Action to quiet title to a vacated street between outlot 3 and block 7 in the Railroad addition to Eldora. Decree for defendant, and plaintiff appeals. Reversed.Albrook & Lundy, for appellant.

Chas. L. Hays, for appellee.

LADD, J.

The land platted belonged to C. C. and Abbie W. Gilman. The plat was filed in June, 1877, and that portion known as “Hammond Street” was by them vacated in December following. In the meantime none of the abutting lots had been conveyed, and no evidence was offered tending to show that the dedication of the street had been accepted. The title thereto did not vest in the city without acceptance. City of Waterloo v. Union Mill Co., 72 Iowa, 437, 34 N. W. 197;Incorporated Town of Cambridge v. Cook (Iowa) 66 N. W. 884;Manderschid v. City of Dubuque, 29 Iowa, 73;Bell v. City of Burlington, 68 Iowa, 296, 27 N. W. 245;Johnson v. City of Burlington (Iowa) 63 N. W. 694;Taraldson v. Town of Lime Springs (Iowa) 60 N. W. 658; Code 1873, § 527; Laughlin v. City of Washington, 63 Iowa, 652, 9 N. W. 819. As the conveyance was not accepted, the proprietors of the plat remained owners of the land included in the street, and, having disposed of none of the abutting lots, were free to vacate it, under the provisions of section 564 of the Code of 1873. After vacating the street, it was conveyed by Gilman and wife to Hardin, and then to John Hall, and also by Hardin to Hall. The defendant urges that this evidence was offered by him, and that the plaintiff failed to trace his title back to the government. A sufficient answer to this complaint is that both parties claim under Hall, and it was quite enough to prove derivation from him, without proving his title. 2 Greenl. Ev. 307; Cooley v. Brayton, 16 Iowa, 10;Byers v. Rodabaugh, 17 Iowa, 53.

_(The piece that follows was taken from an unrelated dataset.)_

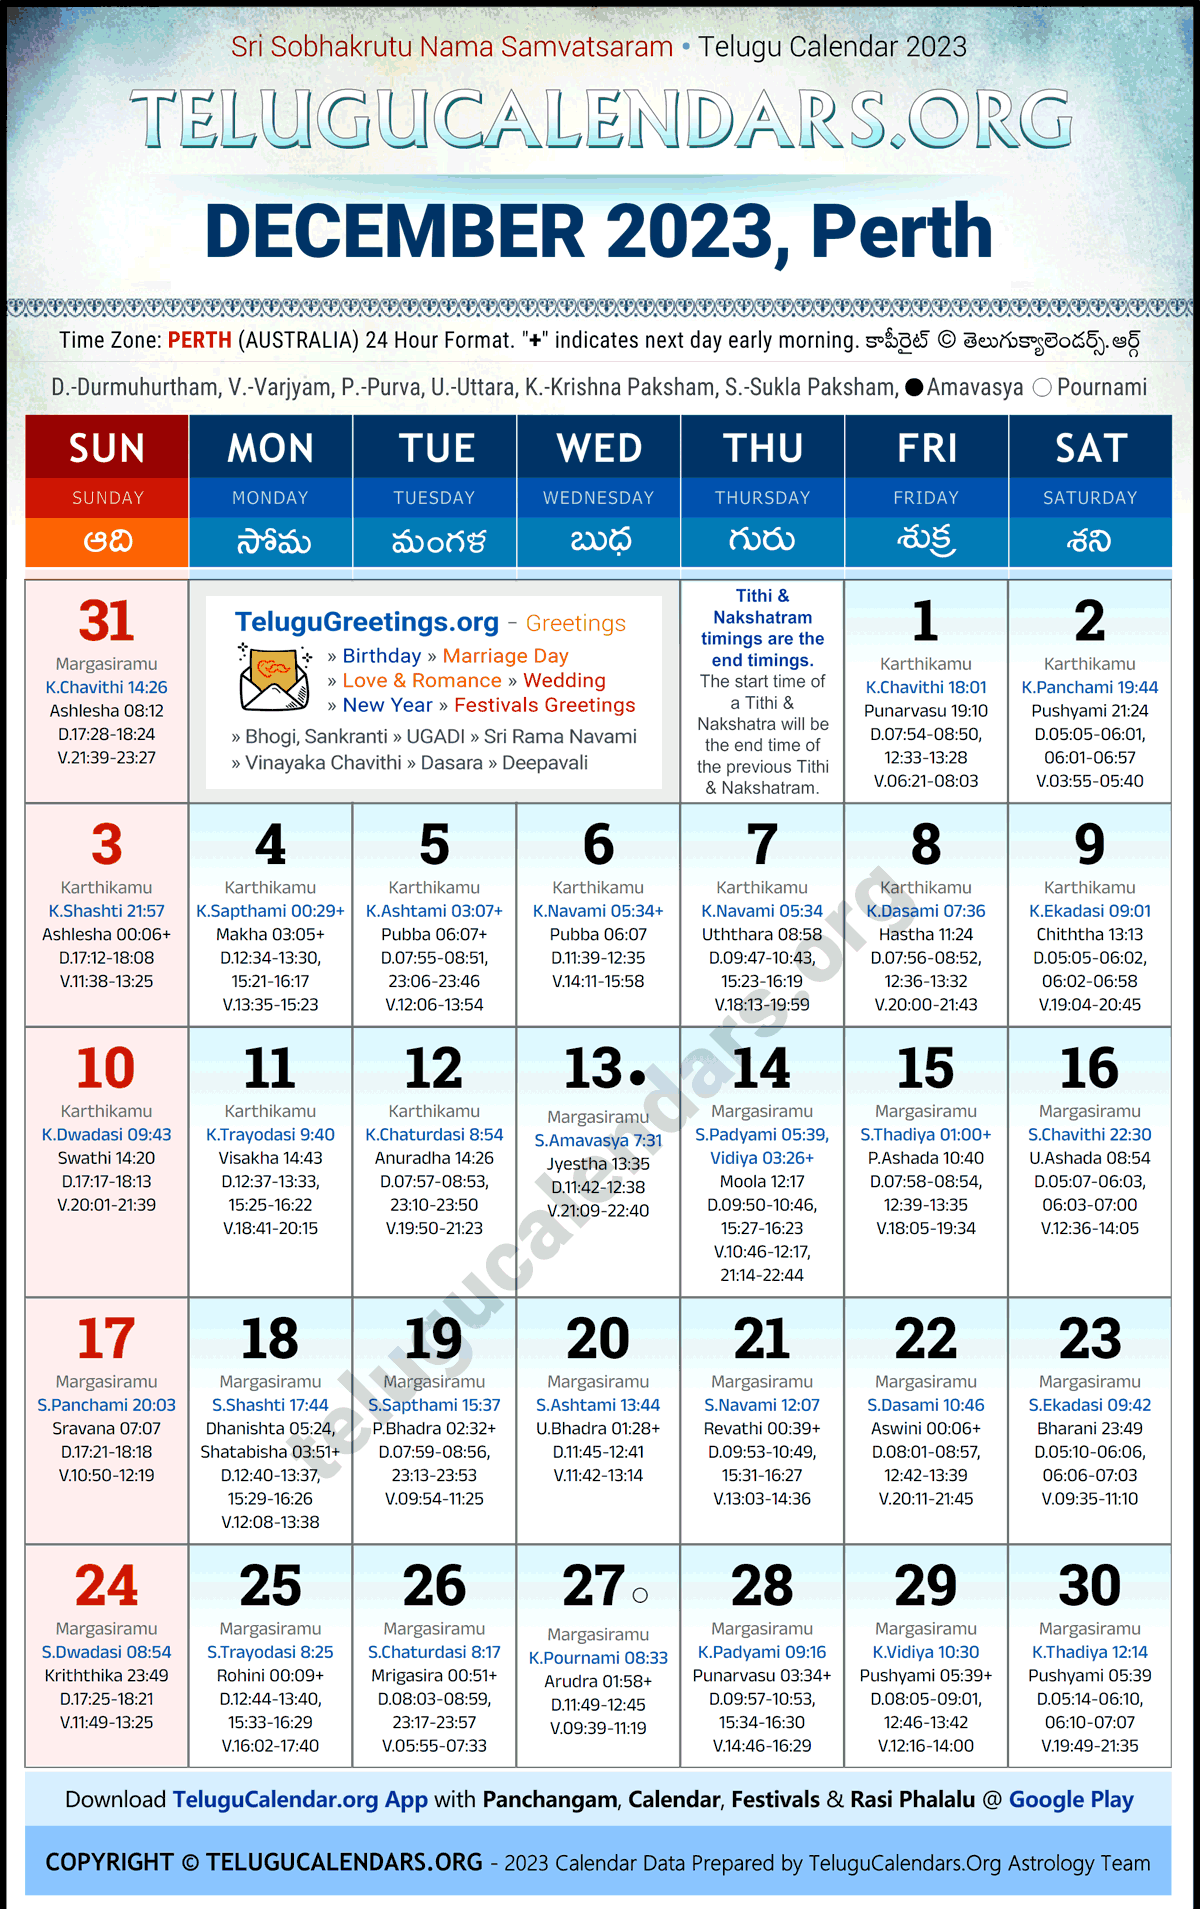 Telugu Calendar 2023 December Festivals for Perth

2. The conveyance from Hall to plaintiff includes the vacated street, and, unless the description in the deed from Hall to King, some months previous, transferred the title to the latter, the plaintiff is owner of the land in controversy. As defendant only obtained the interest King took, his deed need not be considered. Lots 1, 2, 3, and 4 constitute block 7, which lies northwest of Hammond street, and outlot 3 to the southeast; and these are the only abutting lots. The description in the deed to King simply mentions the numbers of these lots, without specific reference to the vacated street. It is insisted that a proportionate part of the street became a part of each lot, and passed with it to King. Sections 565 and 567 of the Code of 1873 are relied on. These relate distinctly to the owners of lots vacated. When vacated, the force and effect of the execution and recording of that part of the plat is destroyed. Sections 563, 564. Section 567 only provides for replatting, and what shall be included in such event. The lots, having been vacated, and the proportionate part of the street, may be platted and numbered again for convenience in conveying and assessing the property. If the previous numbers were retained, and the proportionate part of the street becomes part of the lot, this would be entirely unnecessary. Here the lots have not been vacated, and in determining what a deed of them by number conveys it becomes important to consider the purpose in platting land. Section 559 requires this to be done with reference to some known or permanent monuments, and to “accurately describe all the subdivisions of such tract or parcel of land, numbering the same by progressive numbers, and giving the dimensions and length and breadth thereof, and the breadth and courses of all streets and alleys established therein. Descriptions of lots or parcels of land in such subdivisions according to the number and designation thereof on said plat contained, in conveyance or for the purposes of taxation, shall be deemed good and valid for all intents and purposes.” The reference to lots by number thus becomes as definite and certain...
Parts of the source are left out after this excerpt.